Conduit Sizes Chart

Cable is often routed through conduit or trunking during installation. When pulling a cable through a conduit, friction between the wires and the conduit walls can make it challenging to draw the cable.

Cable failure and wasted time can be avoided by predicting how many cables can be hauled through the conduit. Furthermore, heat can be generated by increased current signals traveling via cable. If too many of these wires are inside a conduit, the heat created can cause a fire.

When you split a piece of conduit in half, you’ll see that the interior and outside diameters differ due to the thickness of the conduit wall material. As a result, the conduit is known in the AV industry for its “trade size.”

This could apply to the pipe’s inner or outer diameters; commonly, the approximate outside diameter is referred to as “trade size.” (Read Curtain Sizes Chart)

EMT Conduit Sizes

Conduits come in a variety of shapes and sizes, including electrical metallic tube (EMT), intermediate metal conduit (IMC), rigid metal conduit (RMC), flexible metallic conduit (FMC), and polyvinyl chloride (PVC) conduit.

In our guide, you can check the EMT conduit sizes chart to ensure you are not overloaded.
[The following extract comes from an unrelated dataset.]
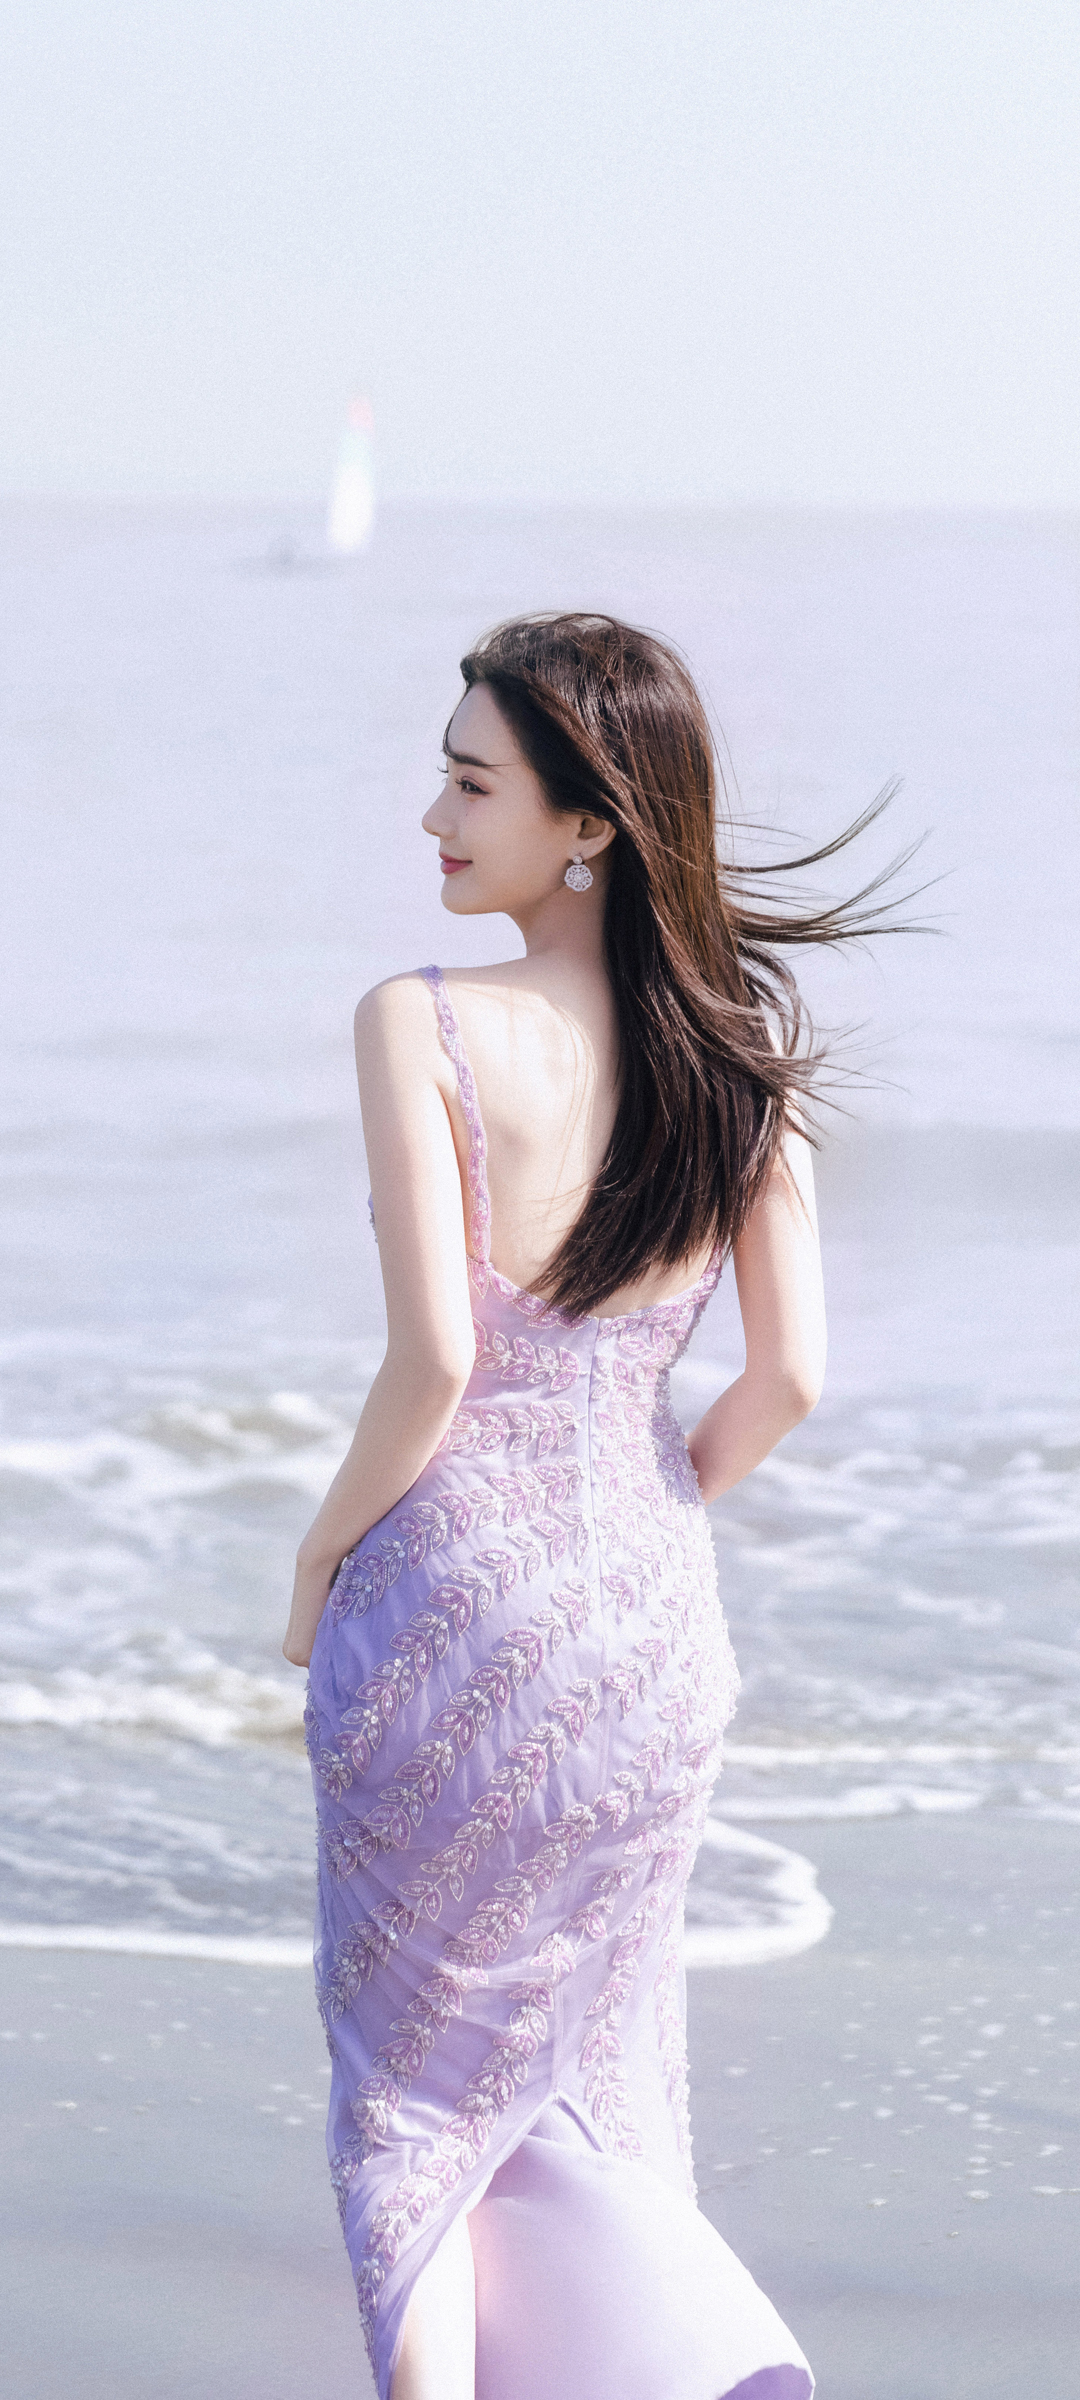 海边漂亮美女 李一桐 紫色裙子 背影 唯美 手机壁纸图片
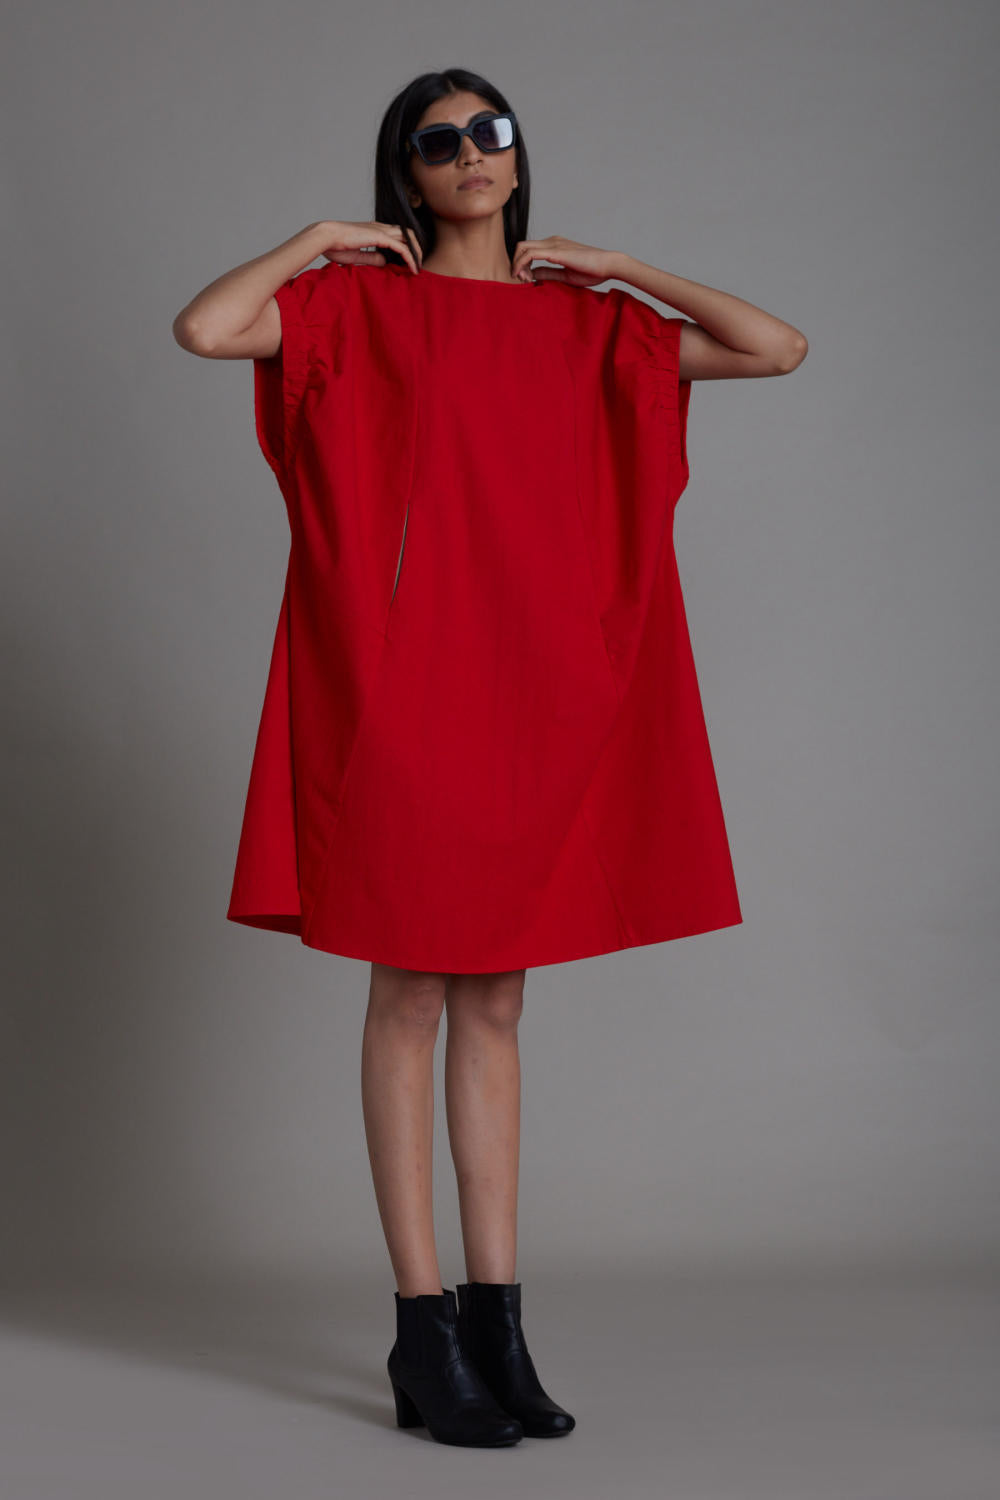 Red Pocket Dress

By the end, you’ll find EMT dimensions; the conduit you have is in accordance with code, and the power inside will be supported when in use.
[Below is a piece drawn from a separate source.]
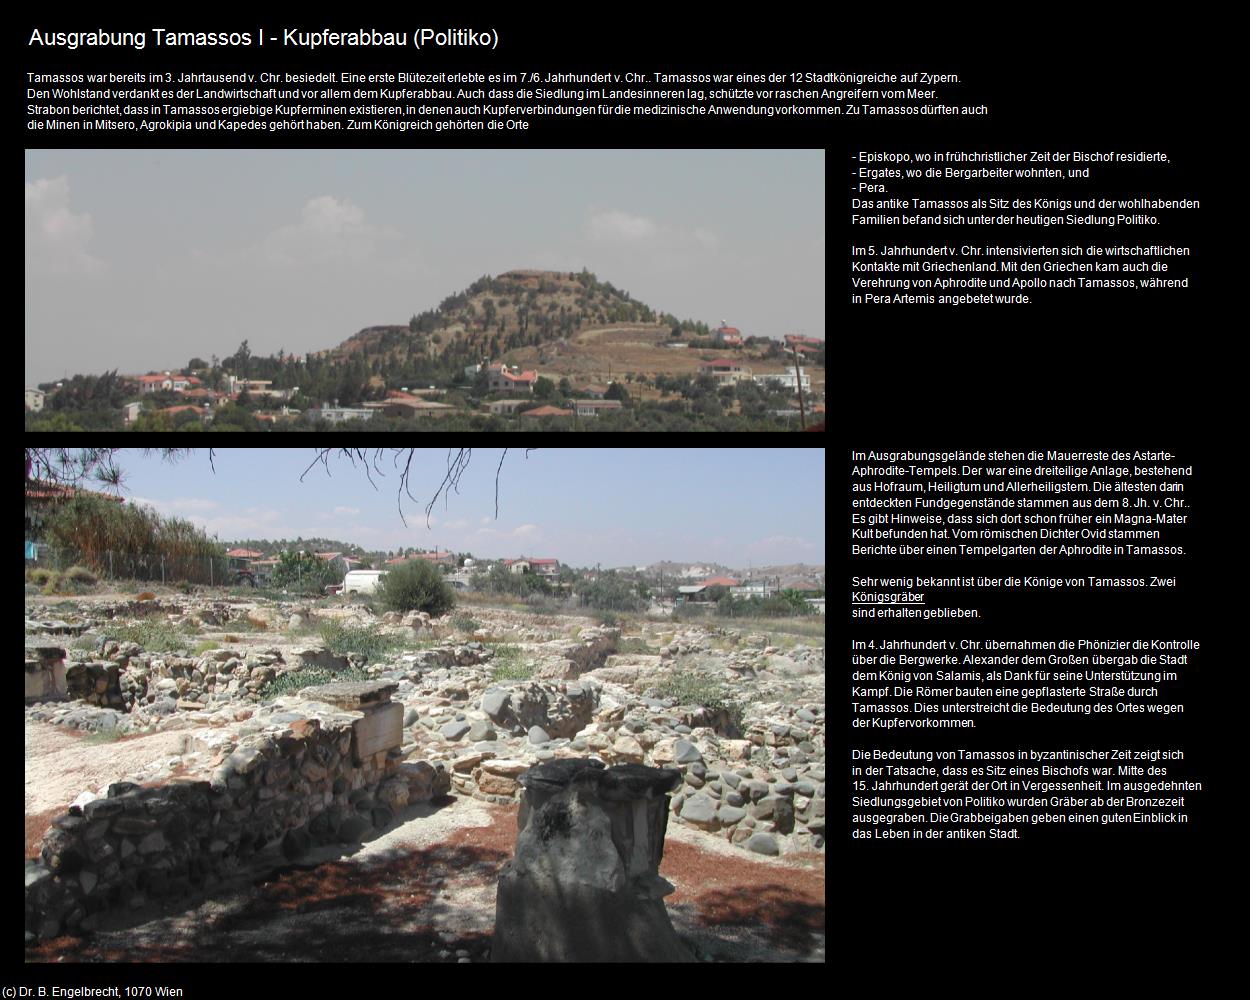 Ausgrabung Tamassos I - Kupferabbau (Politiko) in ZYPERN-Insel der Aphrodite(c)B.Engelbrecht

What Size Does Conduit Come In?

Conduit comes in conventional sizes of 1 m2, 2 m4, 1 m2, and 4 m2. Conduit diameter is typically measured in millimeters outside the United States and is determined by its diameter.

Therefore, 20mm, 25mm, 32mm, 40mm, and 50mm are typical metric outside dimensions. Electrical metallic tubing can have the same dimensions as PVC but will be harder to work with because of weight.

EMT Conduit Sizes Chart

Conduit Trade Size Outside Diameter Inside Diameter Max Support Distance
Rigid Metal (PVC)
1 1/4351.51038.41.38035145
1 1/2411.74044.21.61040.9145
2 1/2632.87573.02.46962.7166
3 1/2914.000101.63.54890.1207

Is Electrical Conduit Measured By ID or OD?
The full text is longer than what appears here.